### Prompt:
Find the line that holds "Nasa's Mars rover" in the material below. Output that line and each one after it exactly, but not the pictures.

### Dataset excerpt:
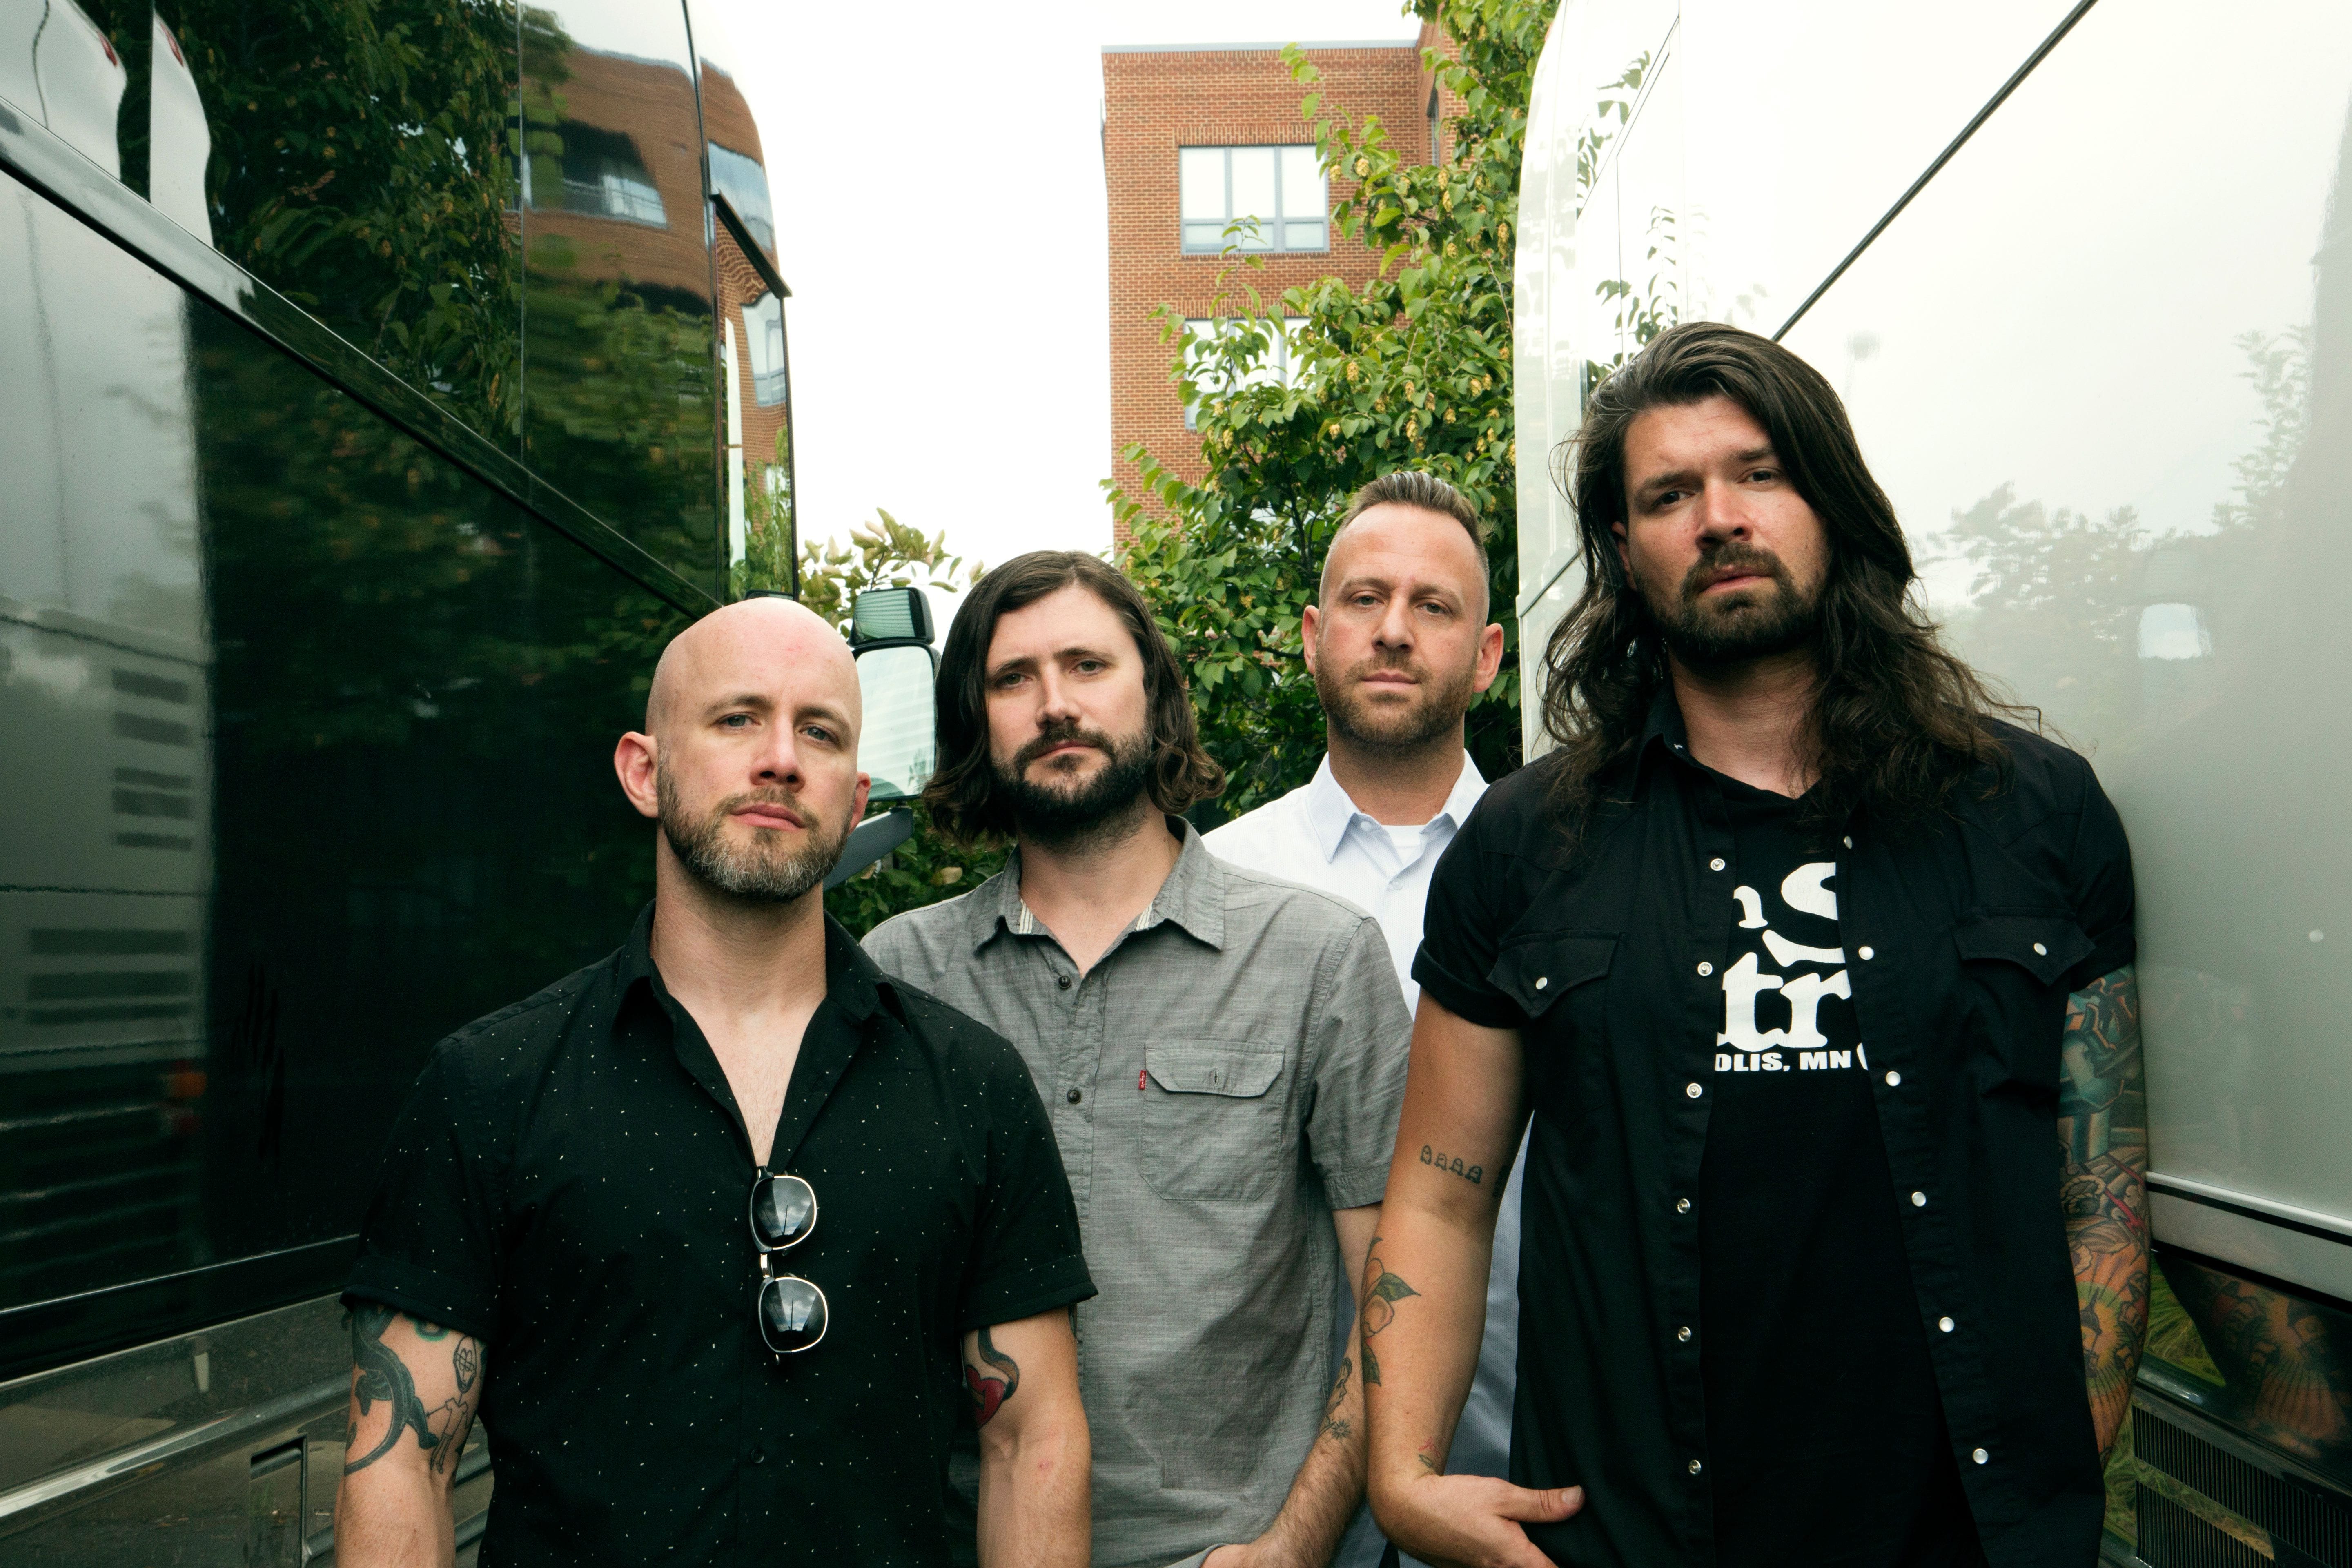 Taking Back Sunday Revisit Their 2011 Self-Titled Release in New Album-By-Album Video (premiere)
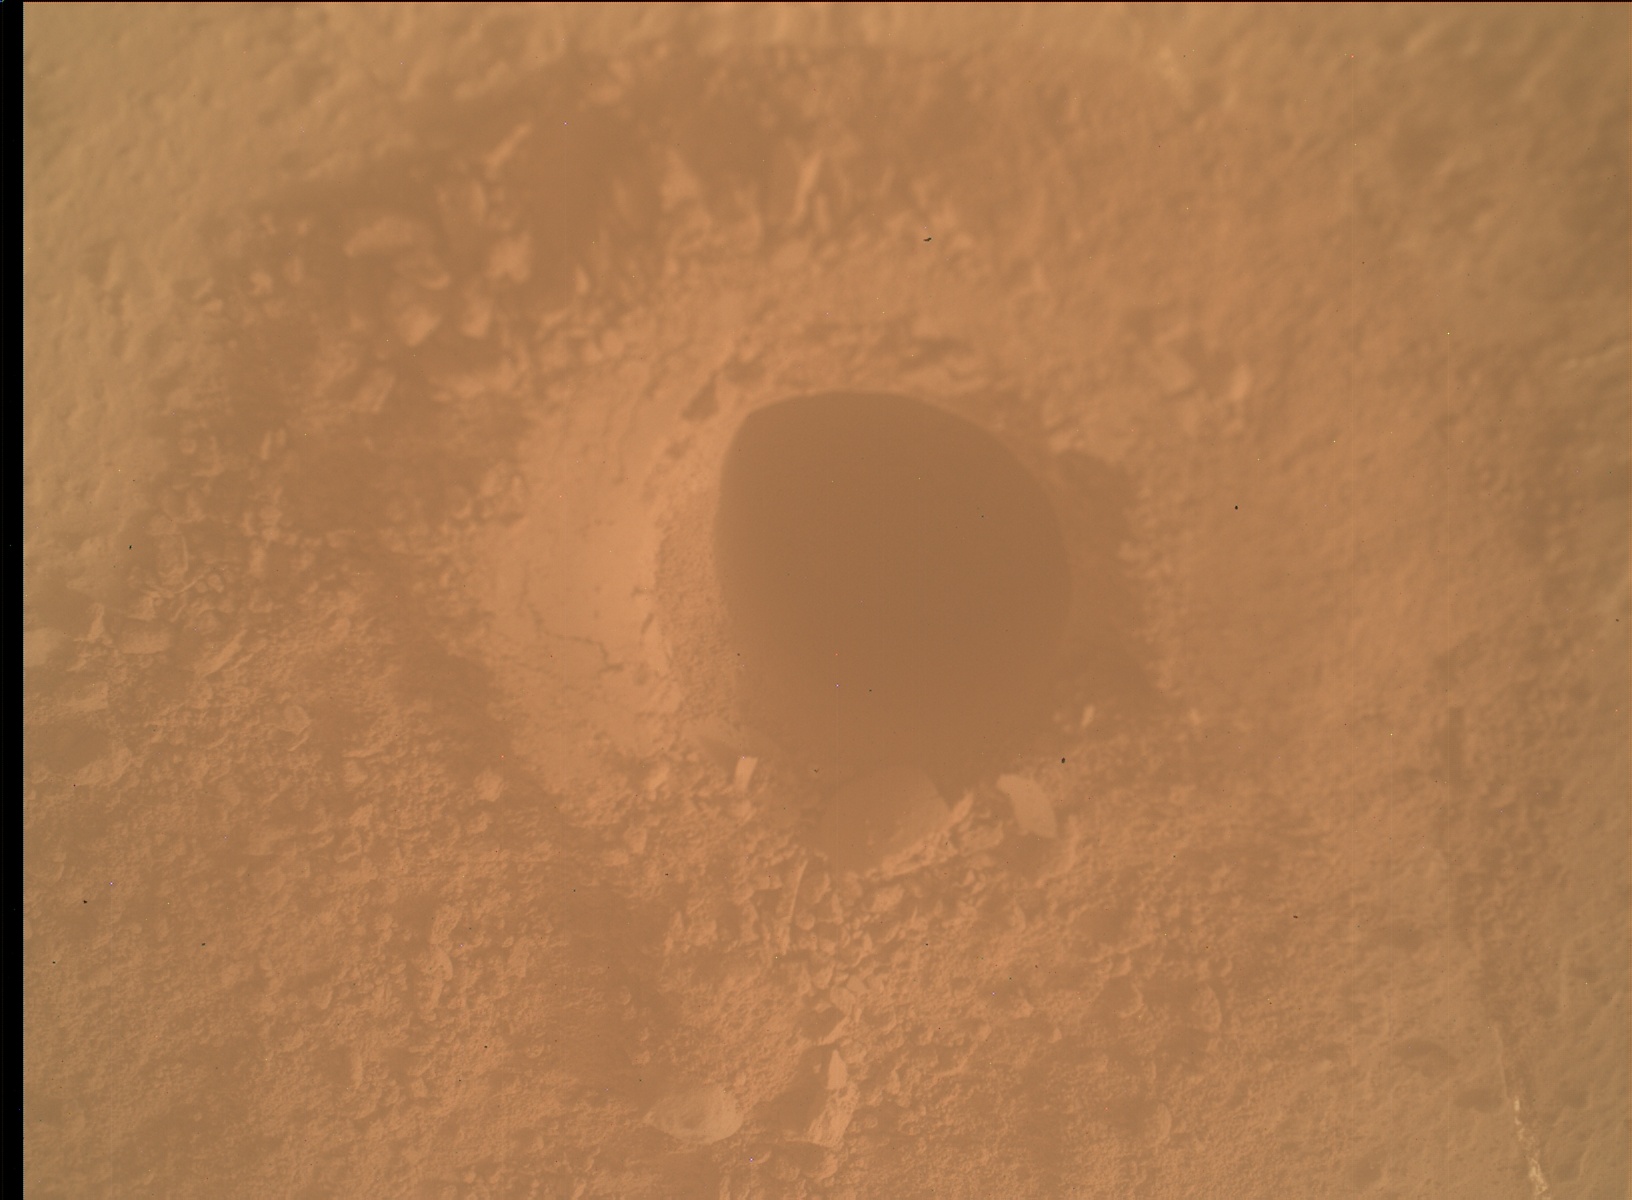 Nasa's Mars rover Curiosity acquired this image using its Mars Hand Lens Imager (MAHLI) on Sol 1496
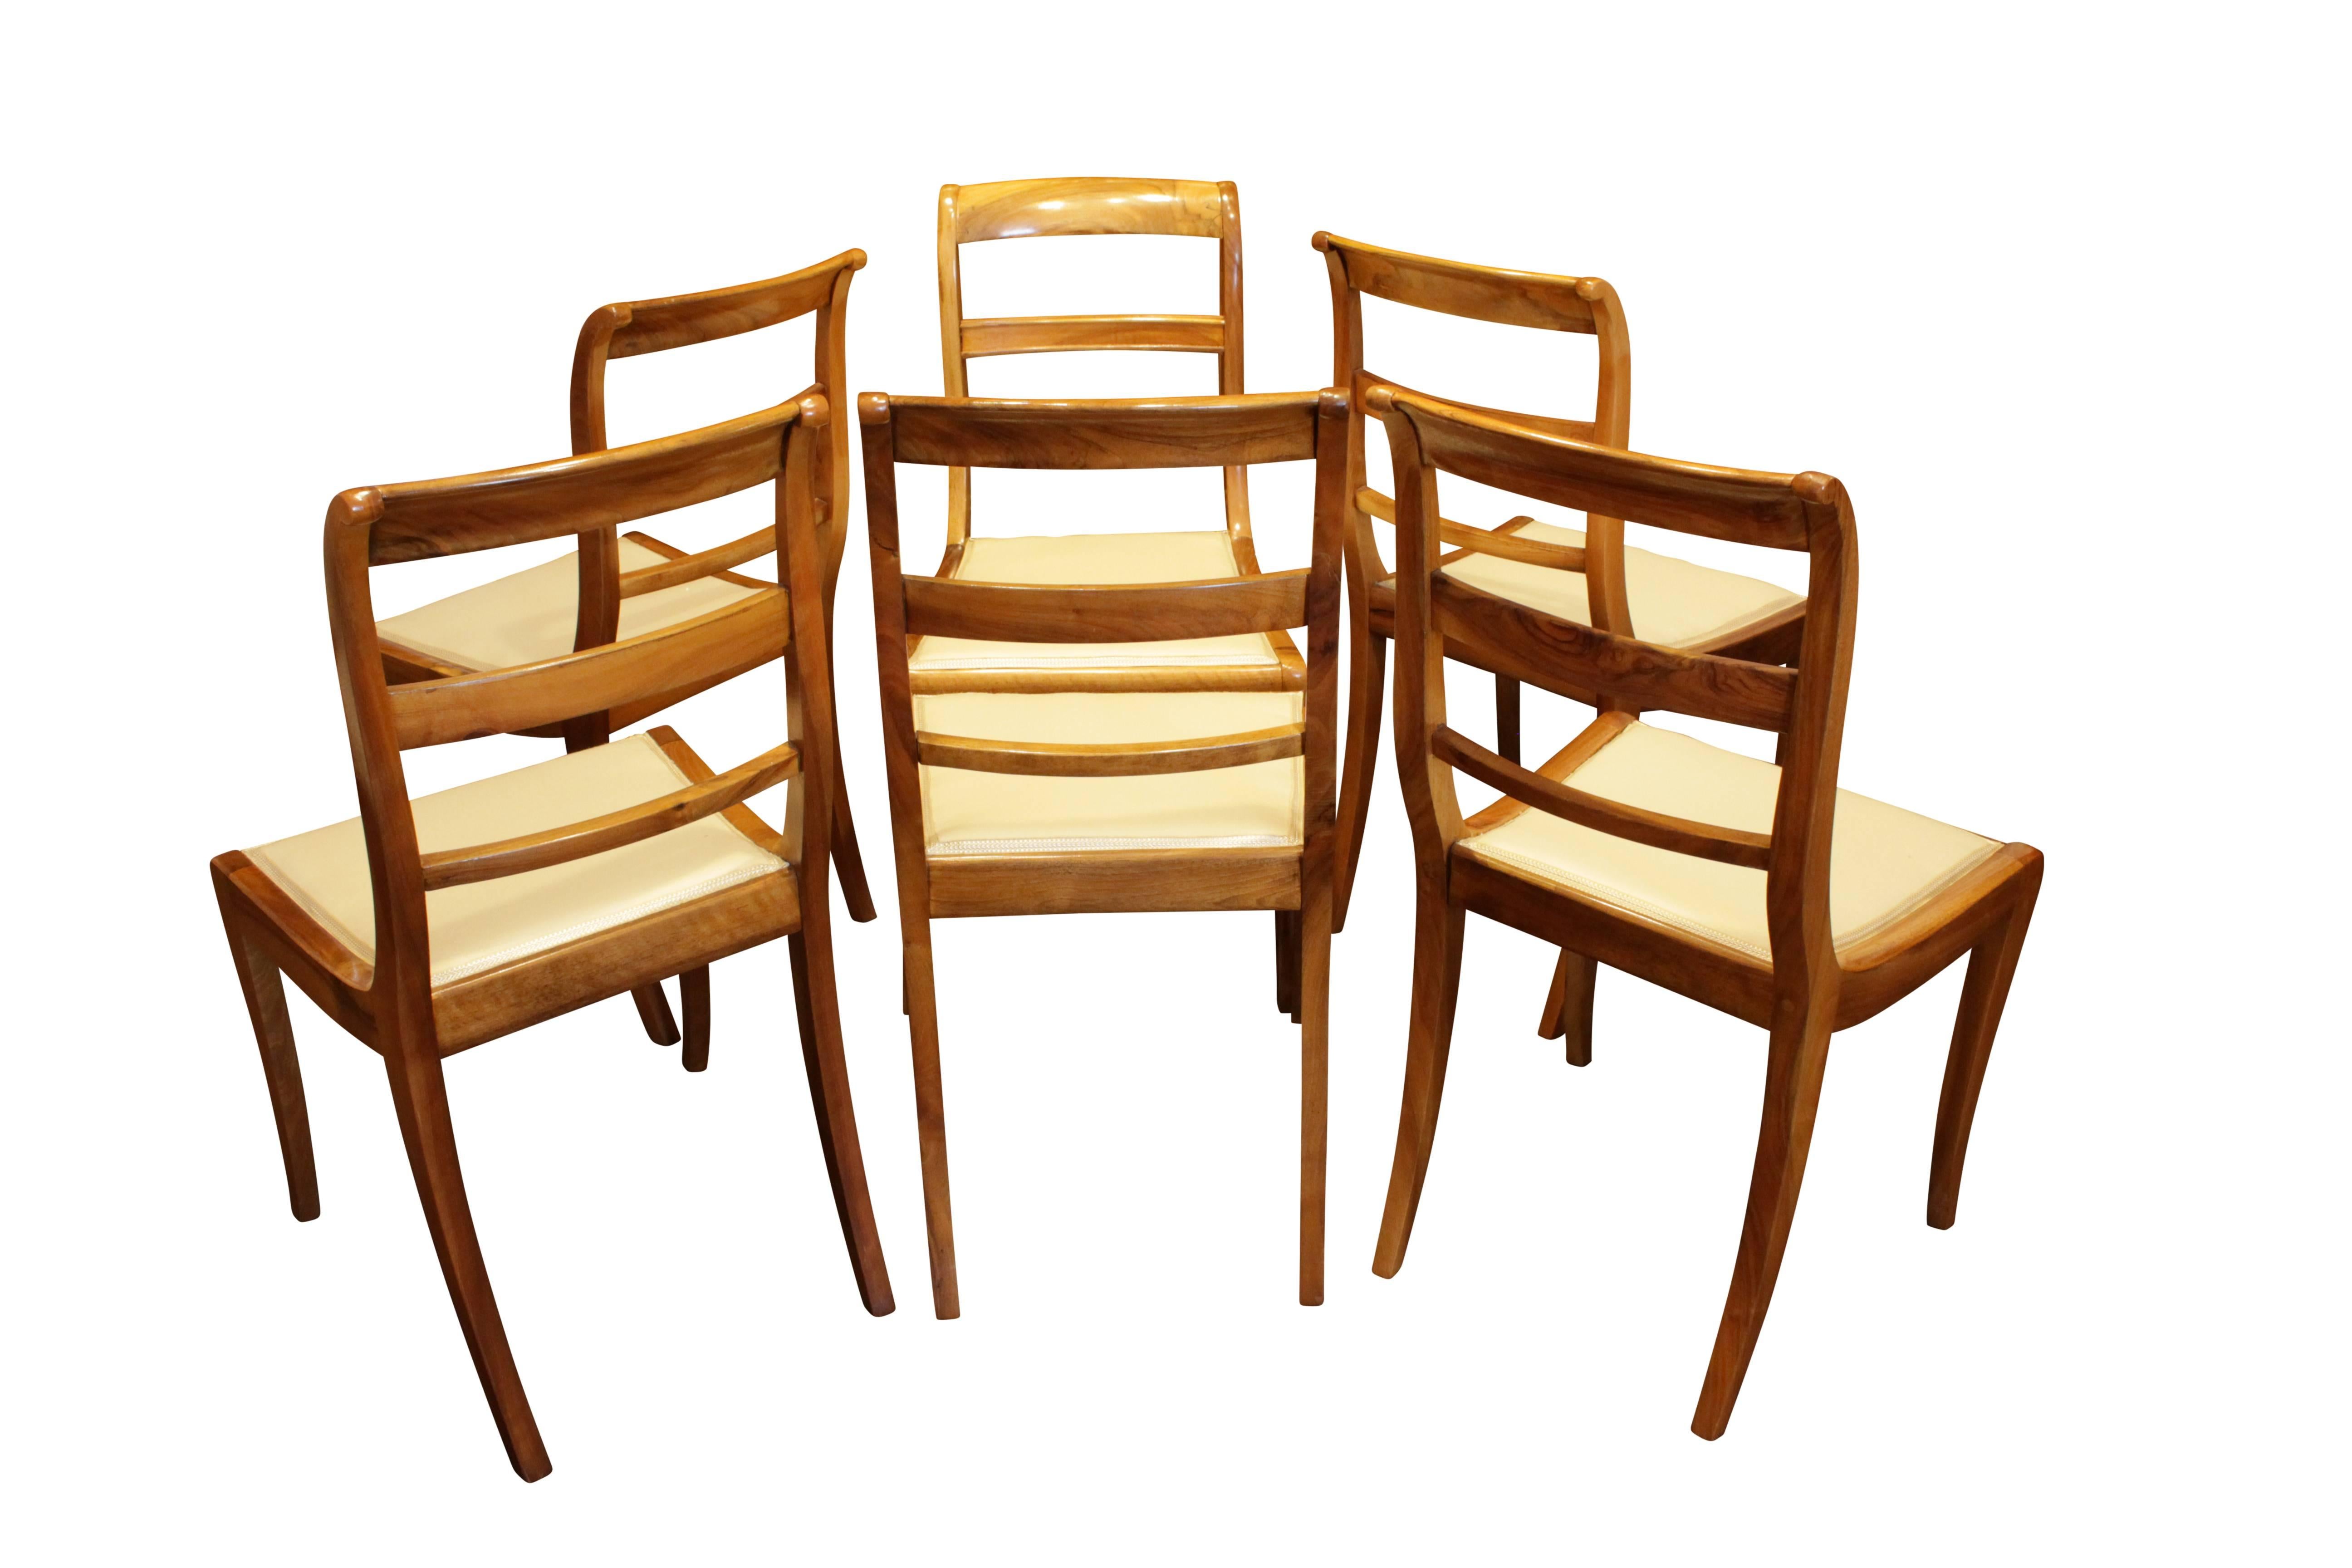 Polished 19th Century, Set of Six Solid Walnut Biedermeier Chairs from Germany

### Solution to this task:
 Nasa's Mars rover Curiosity acquired this image using its Mars Hand Lens Imager (MAHLI) on Sol 1496
 Polished 19th Century, Set of Six Solid Walnut Biedermeier Chairs from Germany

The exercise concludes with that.